HSPF is a semi-distributed, conceptual model that combines spatially distributed physical attributes into the hydrologic response units. In this model, surface runoff is simulated primarily as an infiltration-excess process. HSPF has been used for simulation of various hydrological conditions [18] [19] , non-point source pollutants including contaminated sediment [20] , and land use management and flood control scenarios [21] . Abdullah et al. have used of HSPF model for runoff simulation of a watershed in Jordan. The results showed that monthly calibration and verifications produced good fit with correlation coefficients equal to 0.928 and 0.923, respectively. Also, daily simulation results showed lower correlation coefficient of 0.785 [22] . Al-Abed and Whiteley applied HSPF model for runoff simulation in the Grand River watershed; located in Southern Ontario, Canada, with a drainage area of about 6965 km2 [23] . Their study revealed very satisfactory results in the calibration step and the percentage of error between the yearly simulated and the yearly observed yearly discharge values ranged between 4% to 16%.

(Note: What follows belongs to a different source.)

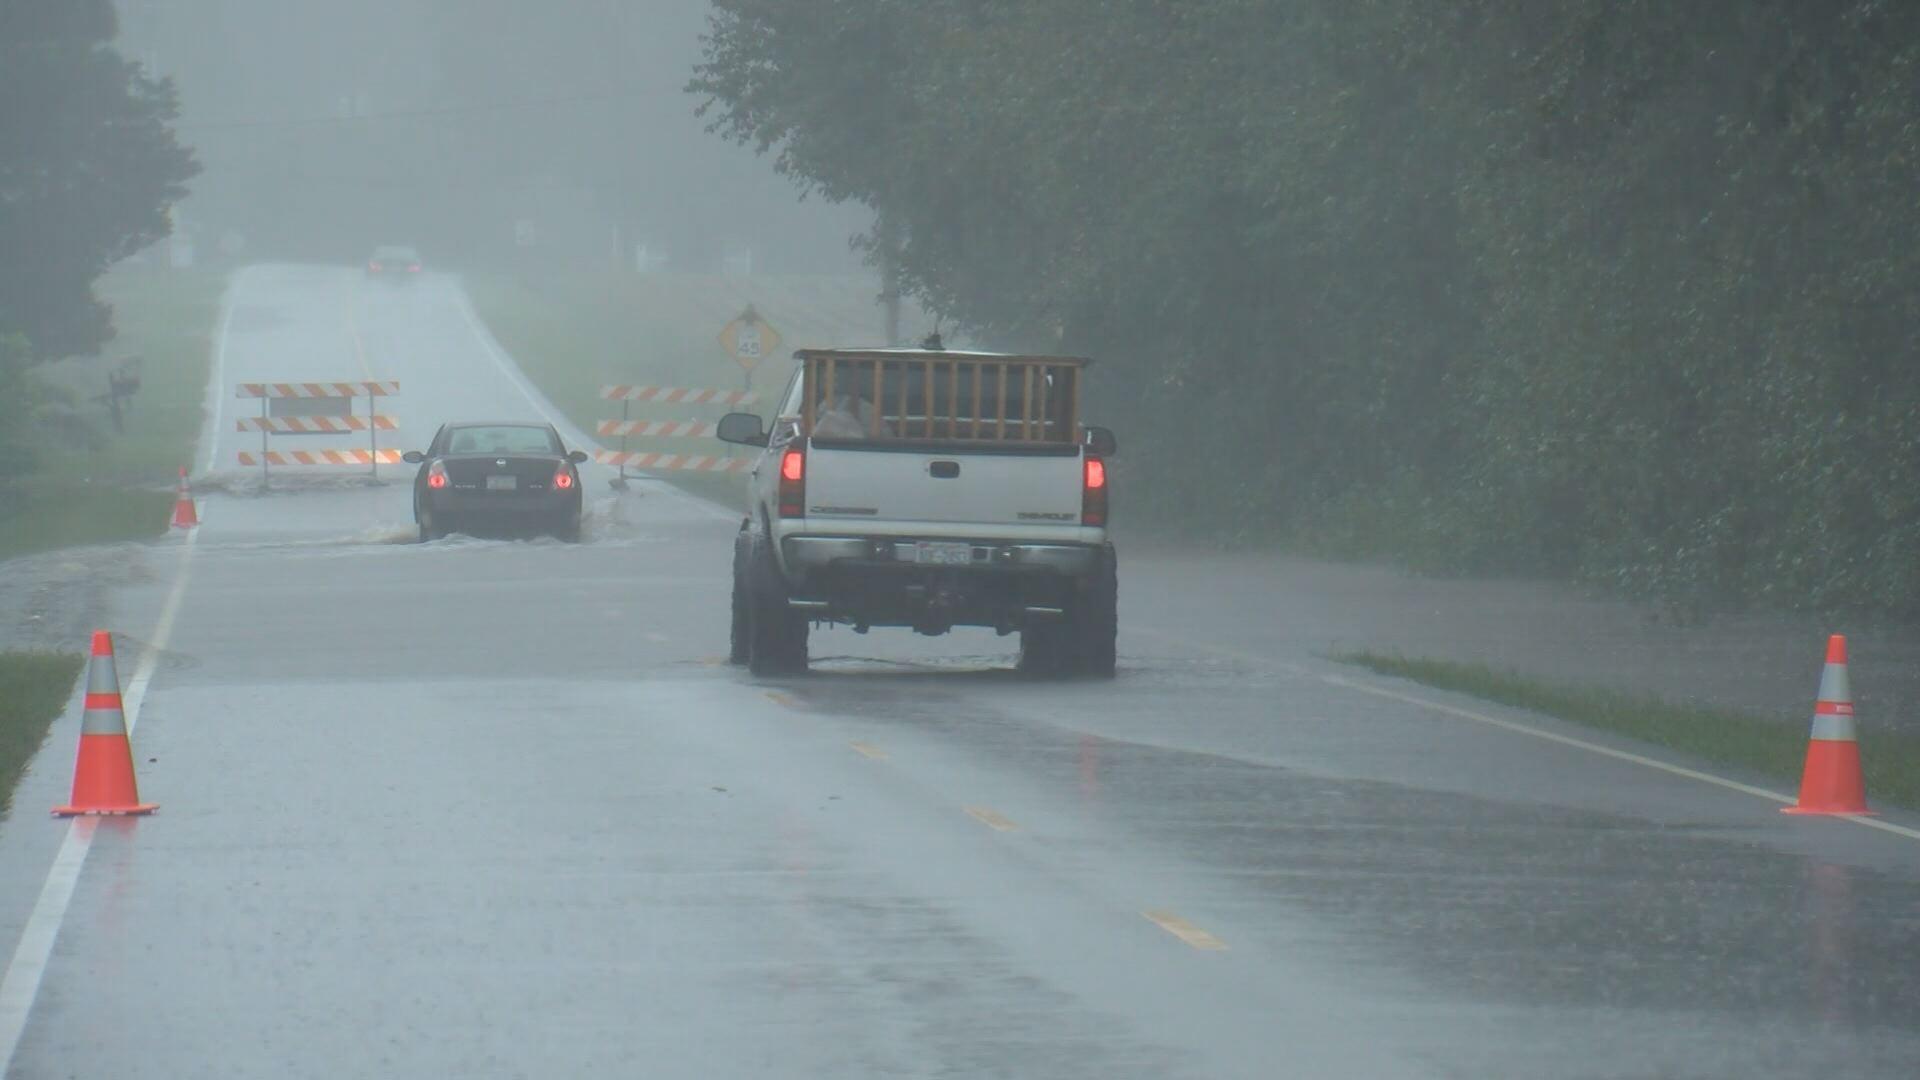 bertie-flooded-road_276088

Not only ANNs and HSPF have been widely used for runoff, pollution and sediment simulation, but also some researchers have been performed based on the comparison between mathematical models and ANNs [24] - [27] . Wang et al. have applied both HSPF and ANN models for runoff and pollution simulation of the eleven watersheds in north of Bremerton, WA. Results of both the ANN model and the HSPF model bore similar accuracy levels [28] . Considering the cost/product factor, this study shows that the ANN modeling approach provides a cost-effective alternative tool for predicting rainfall-runoff relationships. In this study, ANN and HSPF are evaluated for the simulation of Balkhichai River stream flow in Iran.
2. The Study Area
The study area is Balkhichai River watershed (Figure 1), located in the northwest of Iran, between 47˚50'E to 48˚18'E, and 37˚50'N to 38˚16'N. The Balkhichai River watershed area is about 1214 km2 that plays an important role on the region agriculture. Balkhichai River length is about 40 km and it is the most important river in the region. Watershed outlet is Ardebil station located in the northern part of the watershed. The region consists of mountainous areas in the west and northwest. The watershed elevation varies from 1280 m to 4732 m. Land use is mainly open grass (former pasture and hay fields), mountains, and the land use is agricultural, rural and urban residential. The mean annual precipitation in this watershed (stations are presented in Table 1) is very little in comparison with world average of 800 mm. The slope watershed is variable between 0 to 60 percent that the lowest (minimum) slope located in the center of watershed is between 0 to 2 percent. The satellite images are taken from of LAND SAT5 satellite in 2006 year. Figure 1 shows the location of 2 synoptic meteorological stations in the watershed and Table 1 shows the coordinates and the average of the observed temperature and precipitation values of these stations.
3. Methodology
3.1. Data
Temperature and precipitation are the two basic variables, which are measured at meteorological stations. The training input dataset includes a total of 2557 data records between 2004 and 2010. The testing input dataset
Table 1. Properties of the synoptic stations.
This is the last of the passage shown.